There is also this alternative which I am also considering.
VirtualBox is pretty good (especially with Linux OS / any flavour). MS has somewhere packages of their OS that can be installed straight in VirtualBox, IIRC (I hope they still have …, I might need it soon).
VirtualBox is great. Occasionally can get a bit tricky if you’re hosting it on non-standard hardware (e.g. audio drivers) but on the whole it does a marvellous job of virtualisation.
Honestly though, unless you really need specific things that Fedora offers, I’d go with Ubuntu as a first dabble. But maybe that’s because I’m more comfortable with .deb and apt-get vs .rpm and yum.
I guess that my first step would be to create bootable USB sticks as they do not mess with my setup. Found this for ubuntu.
This way, I could experiment with both ubuntu and fedora without worrying if I screw up:)
If linux had any good architecture programs I would migrate tomorrow. Unfortunately, what I found are mostly based on autocad which I hate with a vengeance.
colak wrote #316911:
I guess that my first step would be to create bootable USB sticks
Or a bootable CD/DVD if you want to go old skool :)
as they do not mess with my setup
True, they can be run completely standalone as long as you do the boot up dance (hold down Option during power on to select boot device).

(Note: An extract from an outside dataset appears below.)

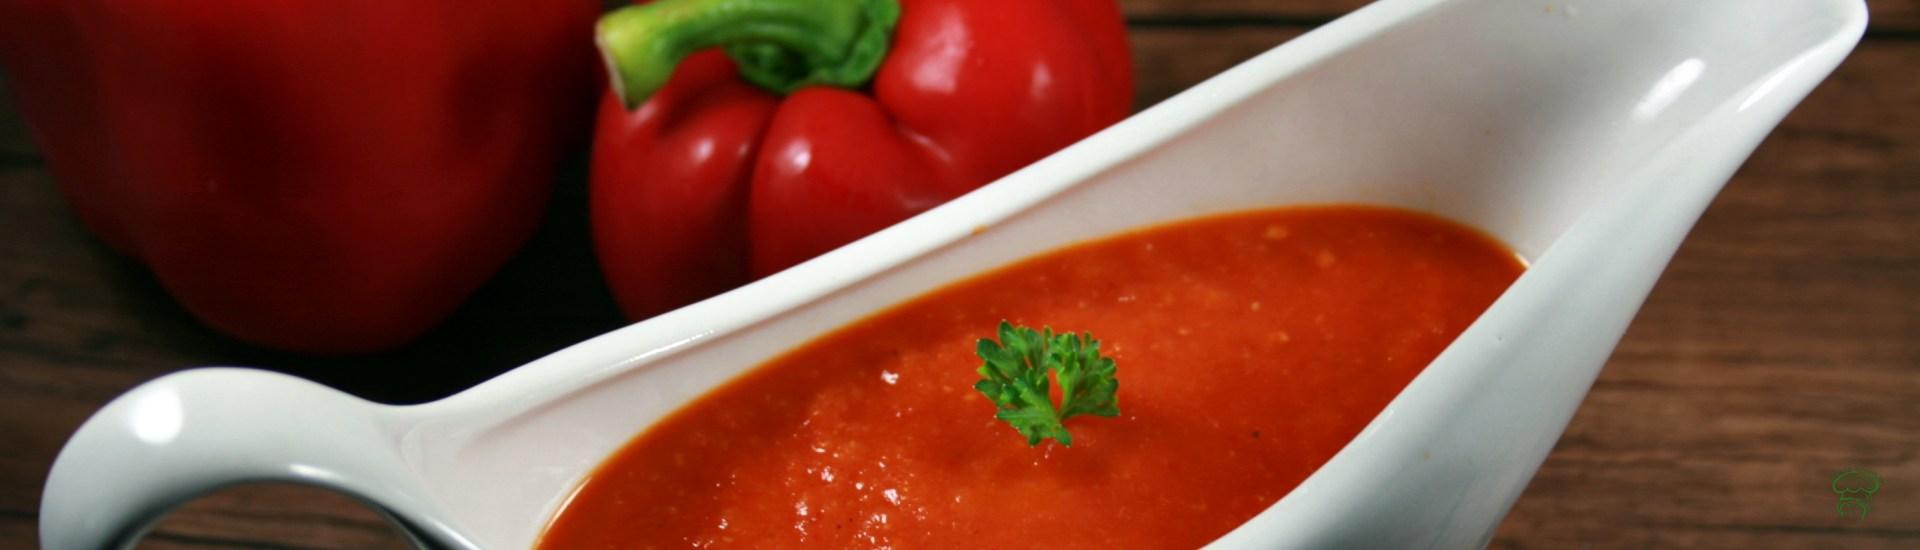 Sauce aux poivrons grillés

But VirtualBox is compartmentalised in a way too. Once the program is installed, you tell it where you want to create the virtual OSs – I just make a dedicated directory to house all the a) ISO files from which I build, and b) the images that VirtualBox creates.
Run through the VBox wizard and install the ISO you obtained and it’ll create a single massive file (e.g. 8Gb made up of the OS itself, plus however much data and swap space you require) in your nominated directory. That’s it – the entire system in one file. It can be booted and used almost exactly like the real OS from within macOS by starting up VirtualBox and clicking on the one you want to start.
Bonus marks (for me) is setting it up so that the target OS runs on a dedicated workspace, e.g. Desktop 2. That way, you fire it up and can switch between operating systems by three-finger swiping left/right on the laptop.
If linux had any good architecture programs I would migrate tomorrow.
Likewise if Linux had any decent music DAWs I’d switch over lock stock. But my goto DAW (StudioOne by Presonus) is Mac/PC only, and audio support on Linux for my studio sound card (ESI Juli@) is non-existent.
Running both StudioOne and hoping the sound card drivers run seamlessly inside a Windows VirtualBox on host Linux won’t be as performant and is likely to glitch unless I beef up my hardware some more (I’m running an Intel Core2 Quad Q9550 with 10GB RAM and an SSD OS disk but it’s not as powerful as I need – even in native Windows – for the number of VST plugins I run! My word, Native Instruments have some amazing VSTs but they sure know how to eat CPU cycles).
Last edited by Bloke (2019-03-08 12:36:01)
- From: Oriental, NC USA
- Registered: 2007-04-06
- Posts: 263
I can’t comment on actual usage of VirtualBox, but I have used the similar commercial VmWare Fusion on a Mac Mini for years. It is rock solid stable.
This Mac Mini has a few missions, including hosting a weather station that runs on Windows. With some degree of irony, the virtual windows machine layered over a Mac is far more stable than the actual hardware Windows box that preceded it. I’ve also run an instance of Centos under this same Fusion install. Fusion has just run and run 24×7, with no troubles at all.